Error writing dataframe in redshift using pyspark with boolean columns

747 views Asked by At

In my script the write method of PySpark takes a data frame and writes it a Redshift, however in some dataframes there are boolean columns that return error stating that Redshift does not accept bit data type.
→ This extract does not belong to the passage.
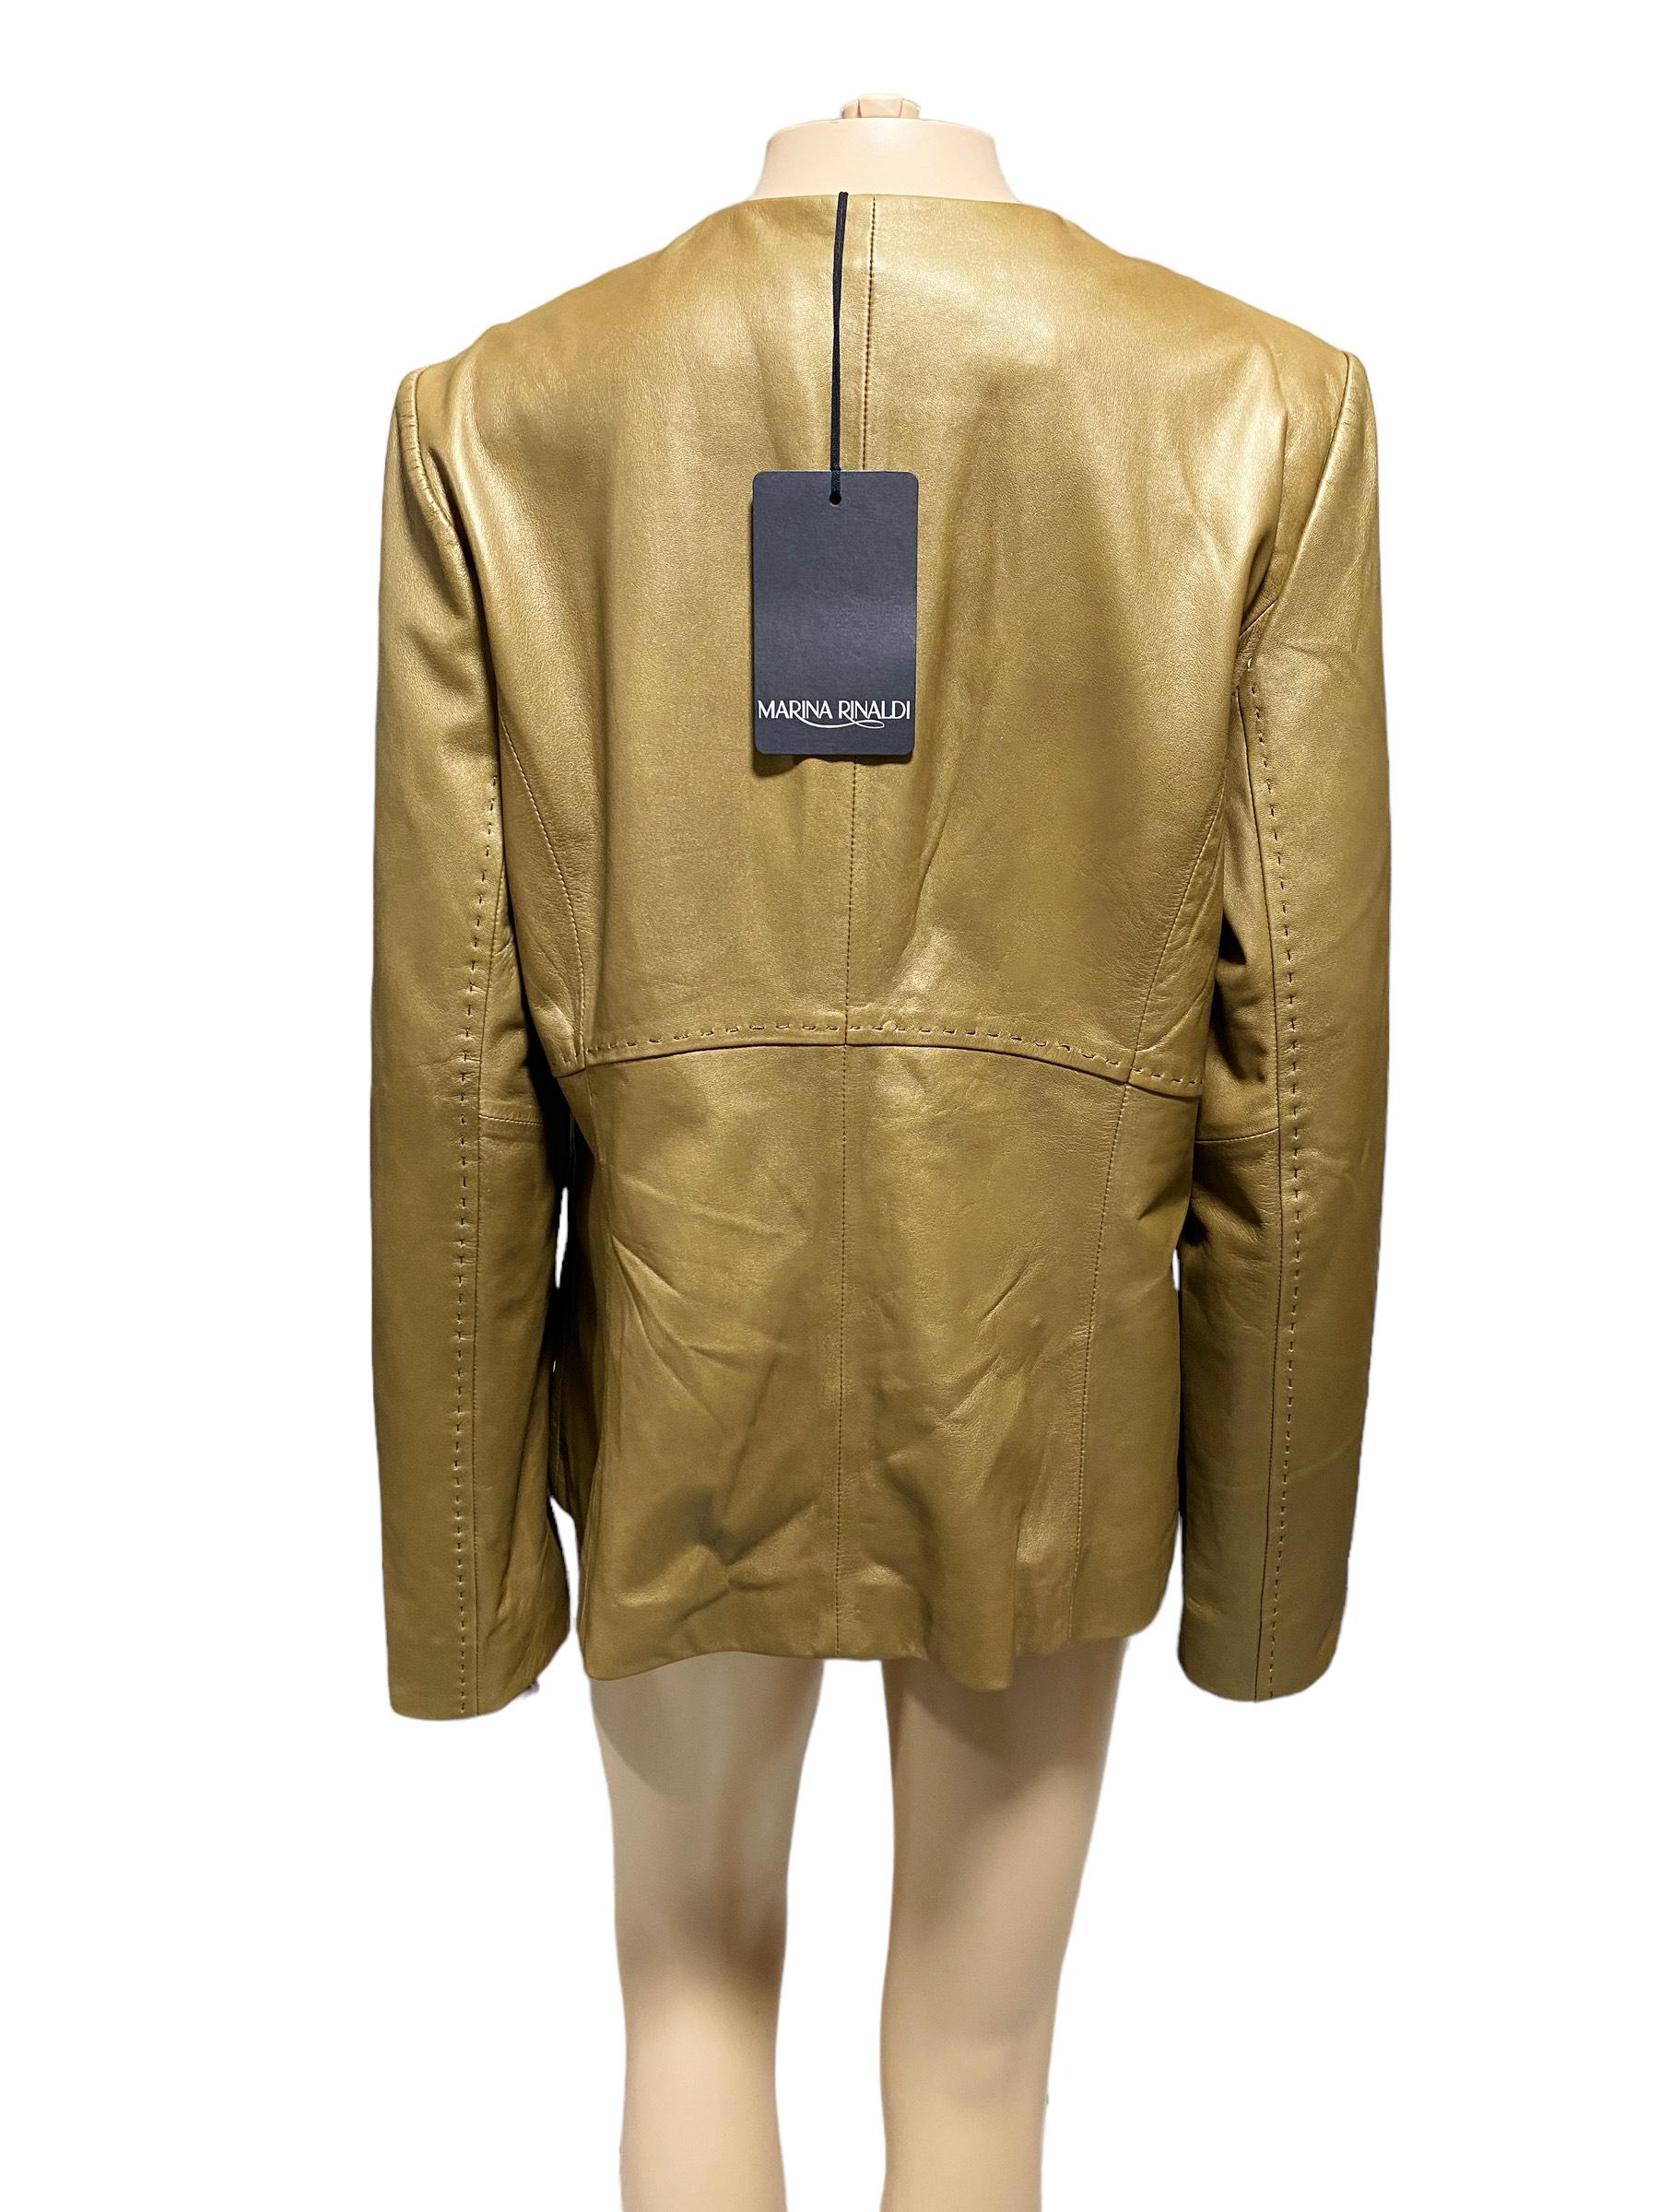 Marina Rinaldi x Max Mara Genuine Leather Jacket - Limited Edition In New Condition For Sale In Iba, PH

My question is because it says that what should be boolean is bit.

The code:

spark = (
    SparkSession.builder.appName("data_quality")
    .config("fs.s3a.aws.credentials.provider", "org.apache.hadoop.fs.s3a.TemporaryAWSCredentialsProvider")
    .config("spark.jars", "redshift-jdbc42-2.1.0.3.jar")
    .config("spark.hadoop.fs.s3a.access.key", "key")
    .config("spark.hadoop.fs.s3a.secret.key", "secret_key" )
    .config("spark.hadoop.fs.s3a.session.token","tokiem")
    .config("spark.hadoop.fs.s3a.impl", "org.apache.hadoop.fs.s3a.S3AFileSystem")
    .getOrCreate()
)

df = spark.createDataFrame(
    [
        (1, False),  # create your data here, be consistent in the types.
        (2, True),
    ],
    ["id", 'column_type_bool']  # add your column names here
)
df.show()
df.dtypes

df.write \
  .format("jdbc") \
  .option("url", f"jdbc:redshift://{url_db}:5439/{db_name}") \
  .option("driver", "com.amazon.redshift.jdbc42.Driver") \
  .option("dbtable", f"{schema}.{tab}") \
  .option("user", user_db) \
  .option("password", pw) \
  .option("tempdir", "s3a://path") \
  .mode("overwrite") \
  .save()

The Table:

root |-- namecolumn: boolean (nullable = true)

The error:

Py4JJavaError: An error occurred while calling o113.save.
: com.amazon.redshift.util.RedshiftException: ERROR: Column "nametable.namecolumn" has unsupported type "bit".
    at com.amazon.redshift.core.v3.QueryExecutorImpl.receiveErrorResponse(QueryExecutorImpl.java:2601)
    at com.amazon.redshift.core.v3.QueryExecutorImpl.processResultsOnThread(QueryExecutorImpl.java:2269)
    at com.amazon.redshift.core.v3.QueryExecutorImpl.processResults(QueryExecutorImpl.java:1880)
    at com.amazon.redshift.core.v3.QueryExecutorImpl.processResults(QueryExecutorImpl.java:1872)
    at com.amazon.redshift.core.v3.QueryExecutorImpl.execute(QueryExecutorImpl.java:368)
    at com.amazon.redshift.jdbc.RedshiftStatementImpl.executeInternal(RedshiftStatementImpl.java:514)
    at com.amazon.redshift.jdbc.RedshiftStatementImpl.execute(RedshiftStatementImpl.java:435)
    at com.amazon.redshift.jdbc.RedshiftStatementImpl.executeWithFlags(RedshiftStatementImpl.java:376)
    at com.amazon.redshift.jdbc.RedshiftStatementImpl.executeCachedSql(RedshiftStatementImpl.java:362)
    at com.amazon.redshift.jdbc.RedshiftStatementImpl.executeWithFlags(RedshiftStatementImpl.java:339)
    at com.amazon.redshift.jdbc.RedshiftStatementImpl.executeUpdate(RedshiftStatementImpl.java:297)
    at org.apache.spark.sql.execution.datasources.jdbc.JdbcUtils$.executeStatement(JdbcUtils.scala:1026)
    at org.apache.spark.sql.execution.datasources.jdbc.JdbcUtils$.createTable(JdbcUtils.scala:912)
    at org.apache.spark.sql.execution.datasources.jdbc.JdbcRelationProvider.createRelation(JdbcRelationProvider.scala:80)
1

There are 1 answers

1
dineshkumar g On

This error occurs because Redshift expects Boolean columns to be written as TRUE or FALSE, but PySpark writes them as true or false (lowercase). To fix this error, you can cast the Boolean columns to strings and then use the upper function to convert them to uppercase:**

from pyspark.sql.functions import col, upper
    
df = df.withColumn("col2_str", col("col2").cast("string"))
df = df.withColumn("col2_redshift", upper(col("col2_str")))
df = df.drop("col2").withColumnRenamed("col2_redshift", "col2")

After this try to write the dataframe.